*** Recorded data Section Begins ***

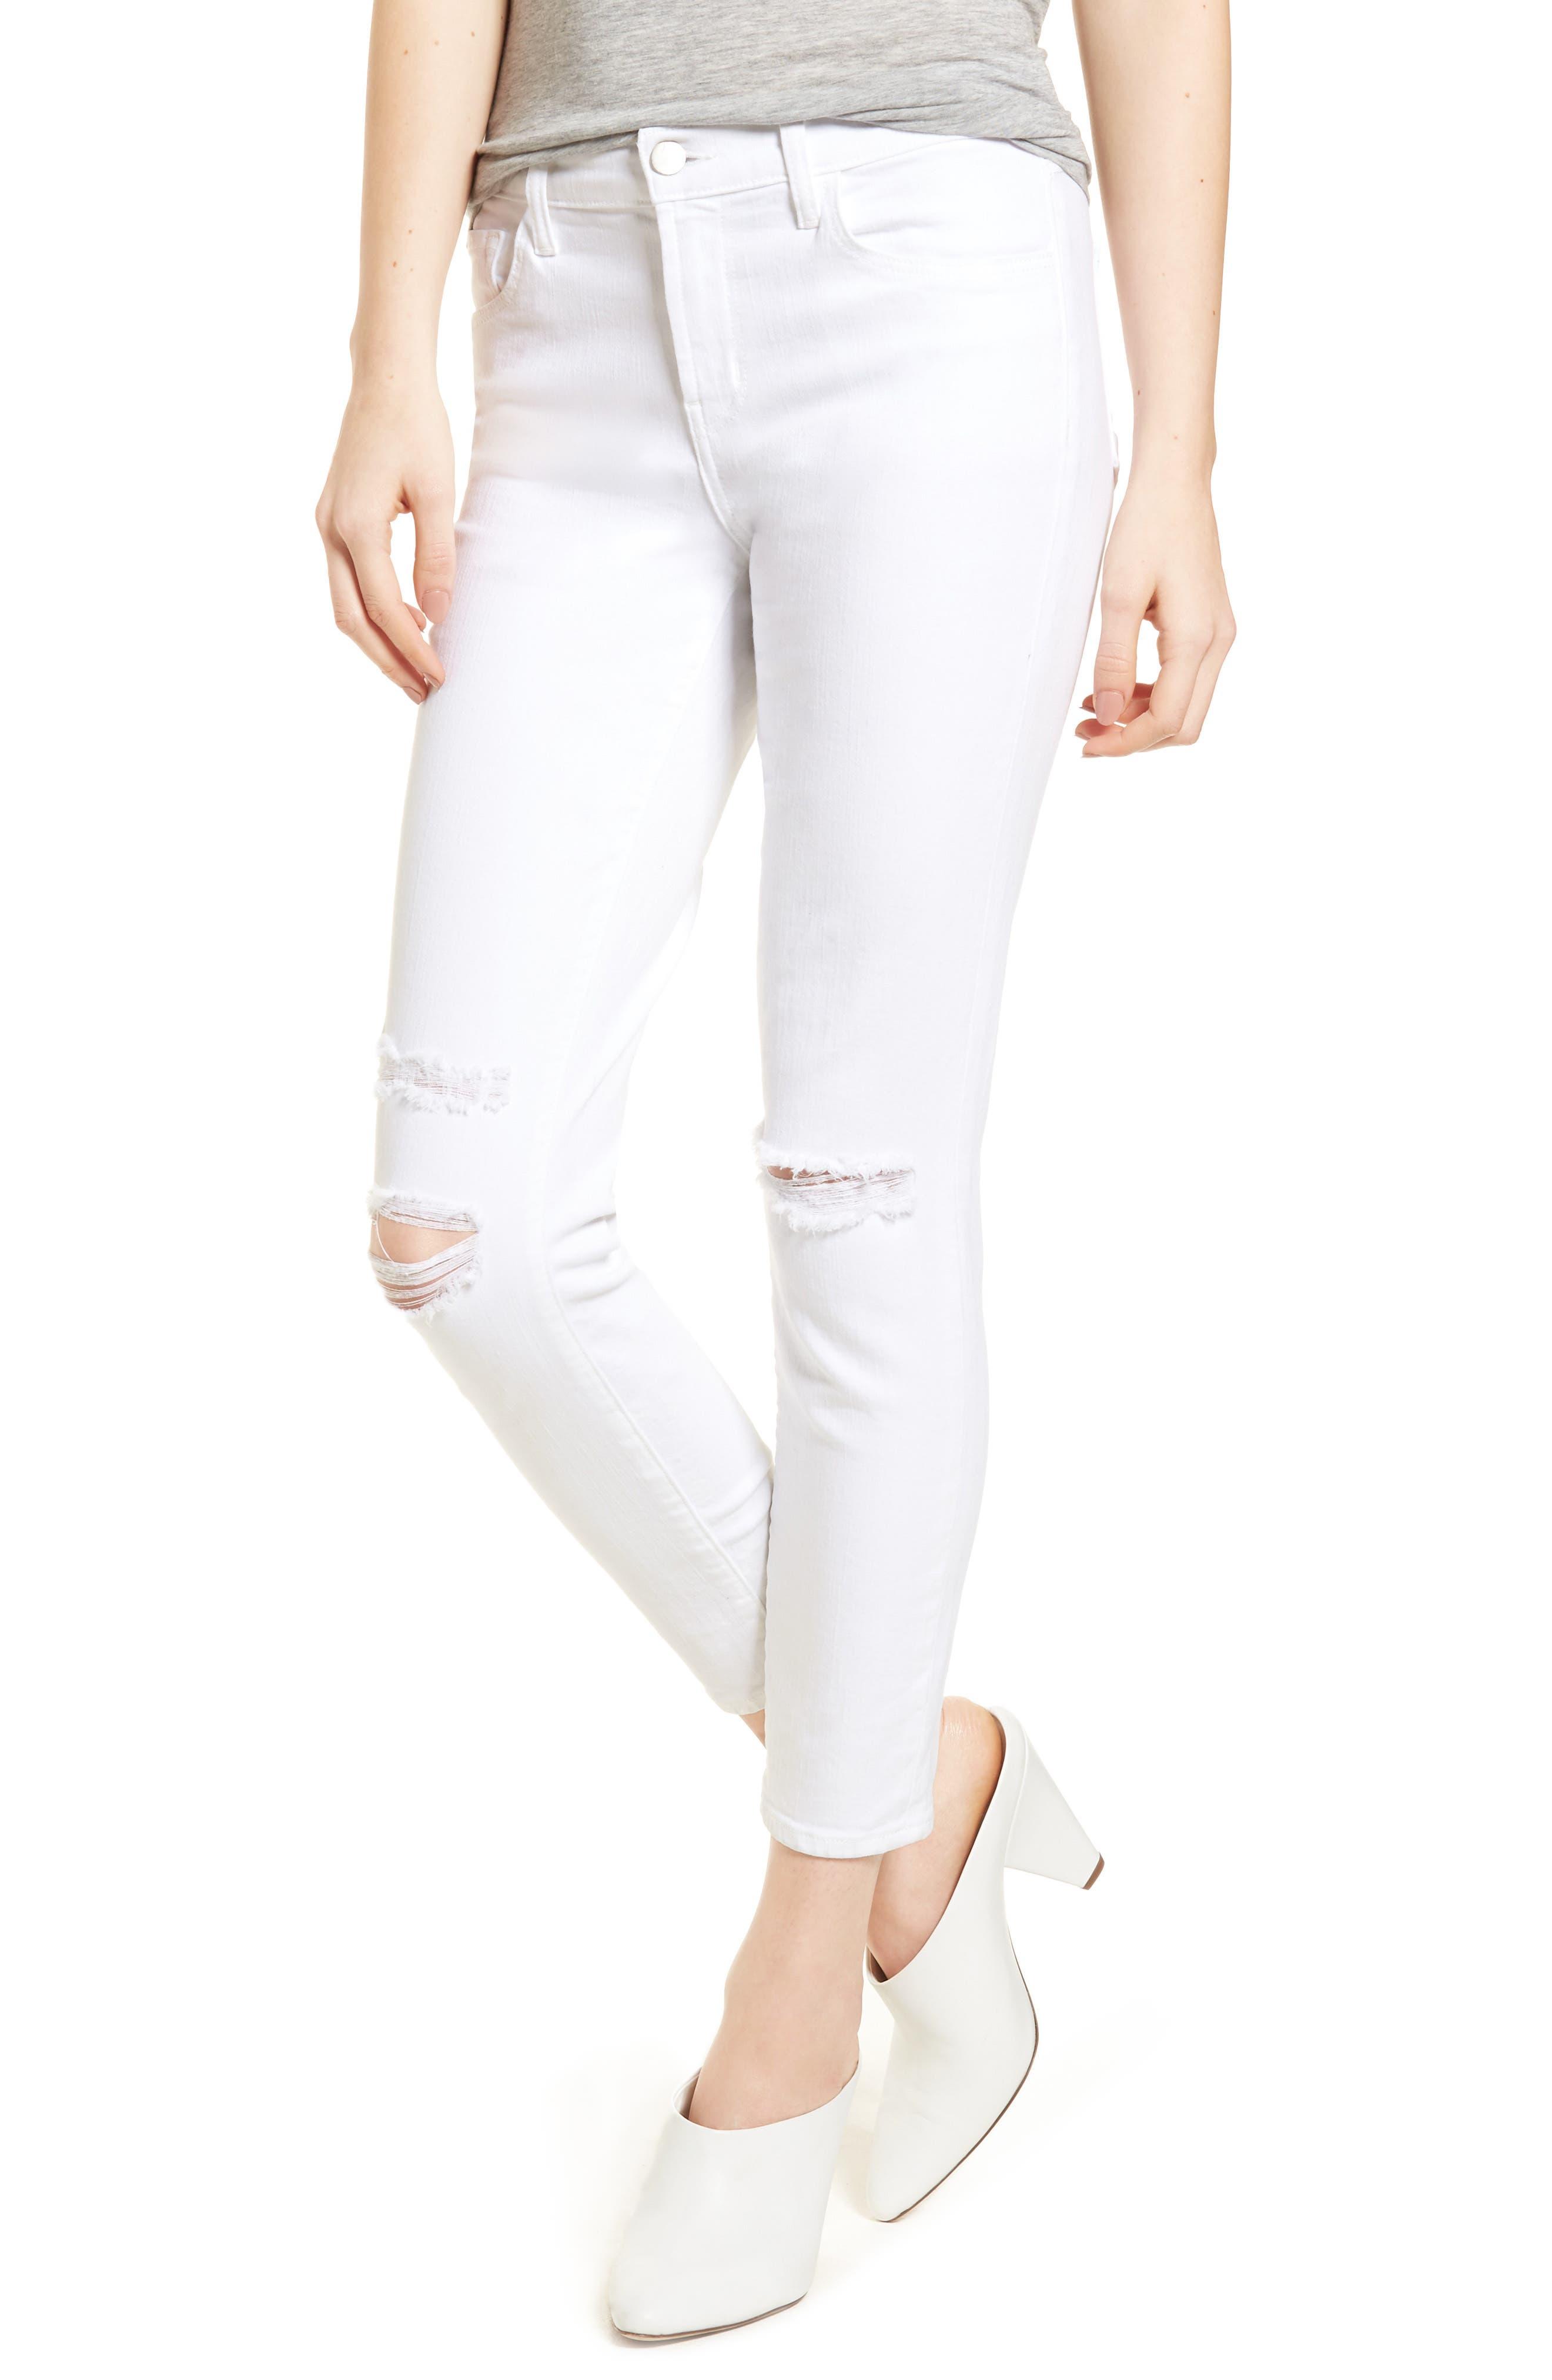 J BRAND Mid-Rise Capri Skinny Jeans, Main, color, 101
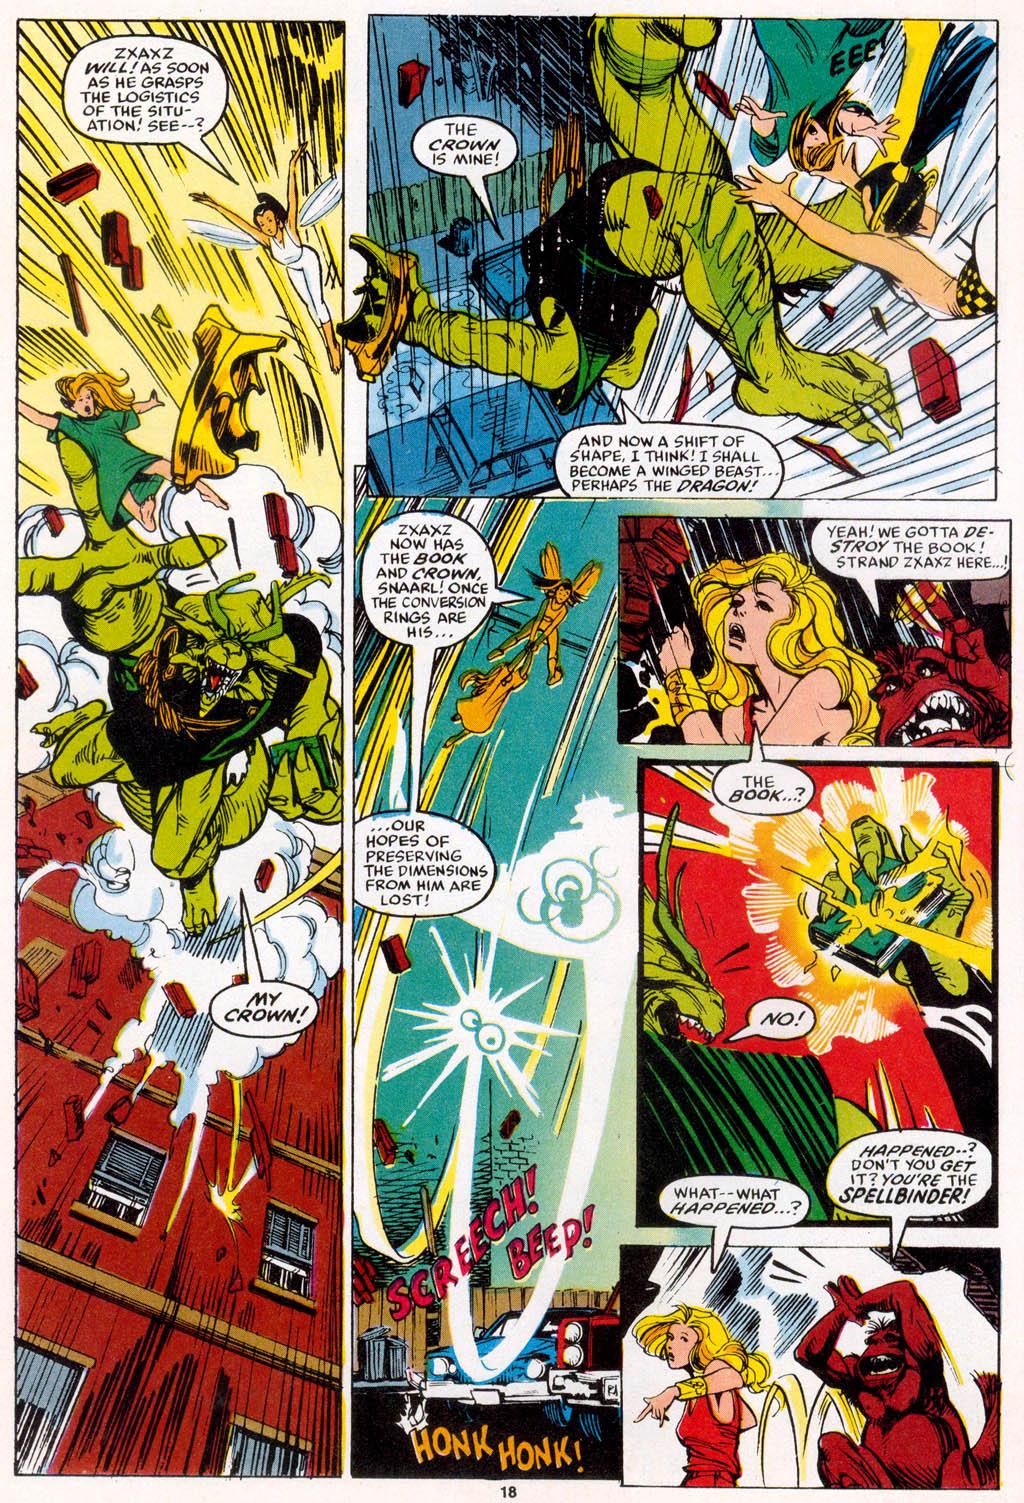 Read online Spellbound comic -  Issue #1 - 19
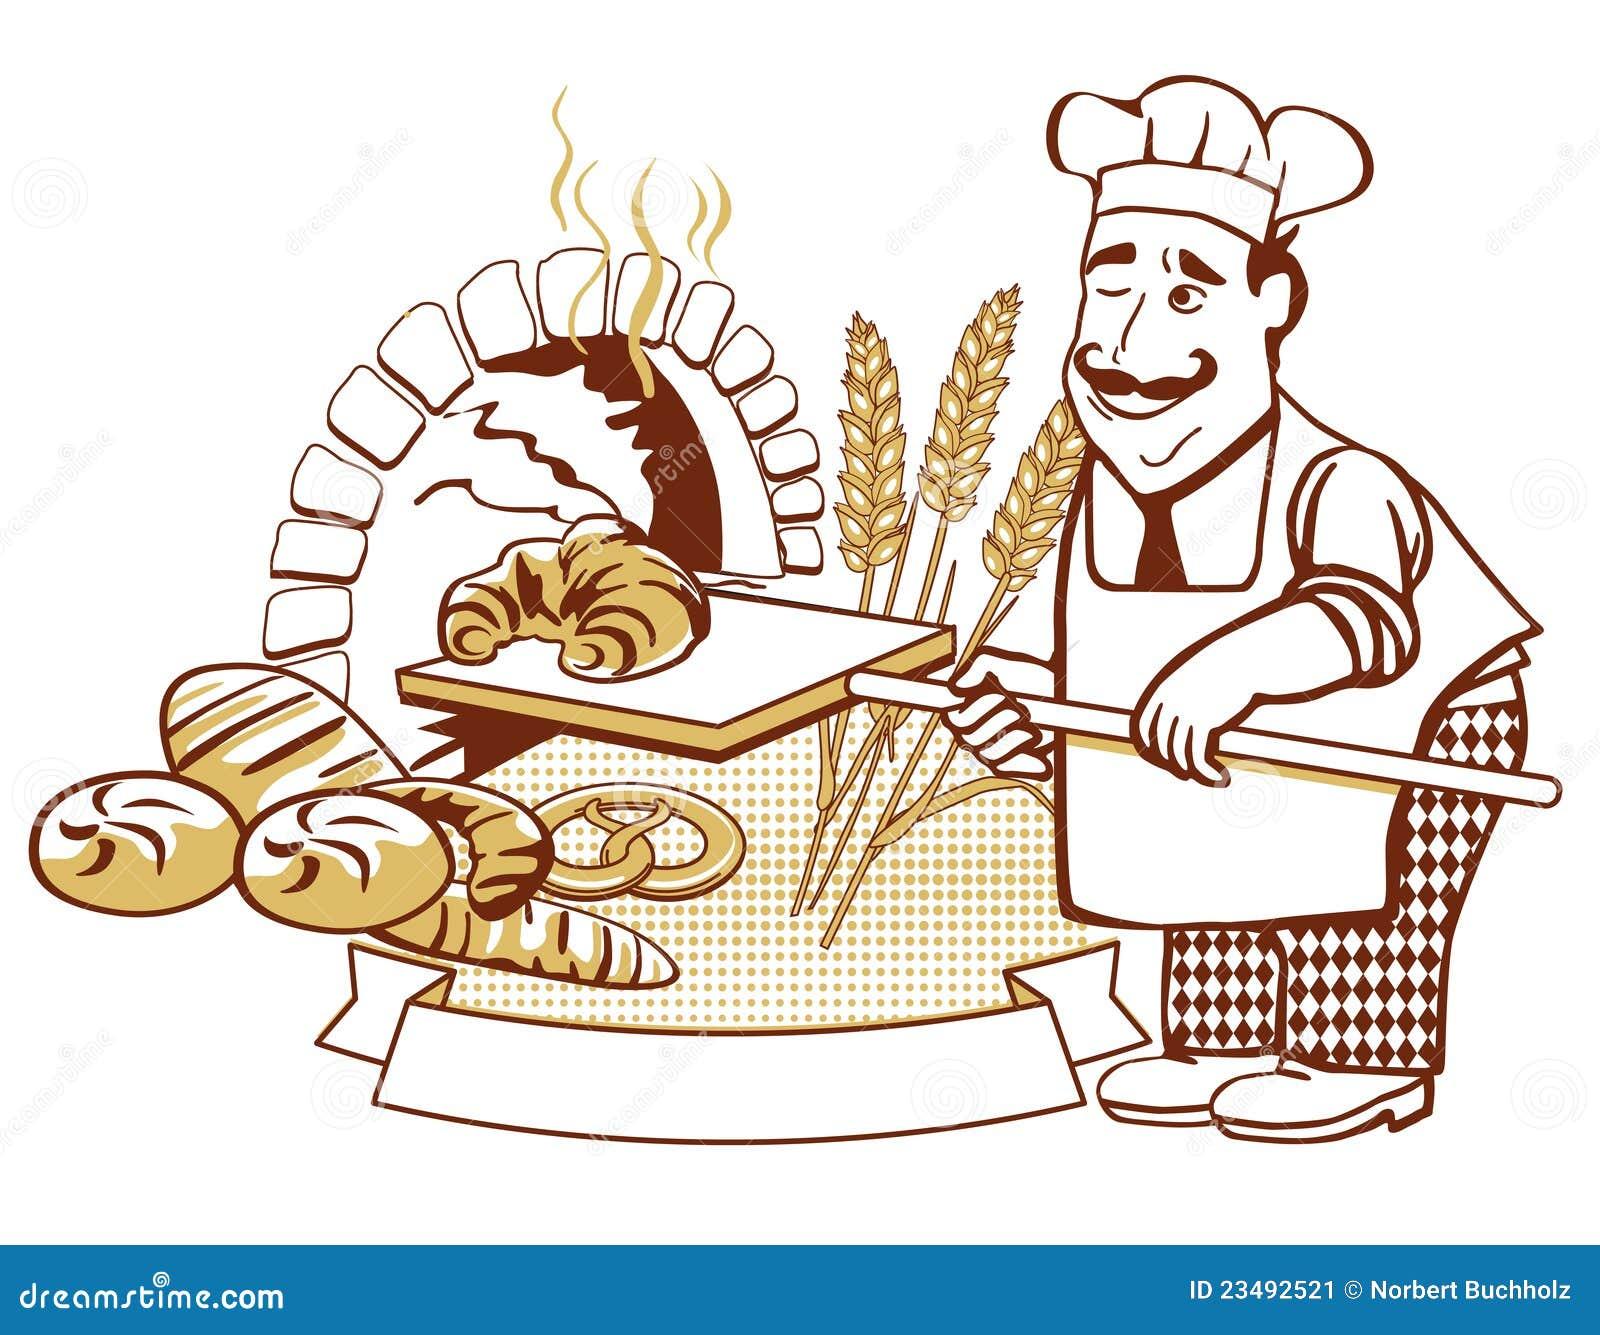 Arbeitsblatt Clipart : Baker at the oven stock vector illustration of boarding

*** Recorded data Section Ends ***

§ Task goal
Everything in the data must be printed verbatim except the pictures.

§ Answer to this task
 J BRAND Mid-Rise Capri Skinny Jeans, Main, color, 101
 Read online Spellbound comic -  Issue #1 - 19
 Arbeitsblatt Clipart : Baker at the oven stock vector illustration of boarding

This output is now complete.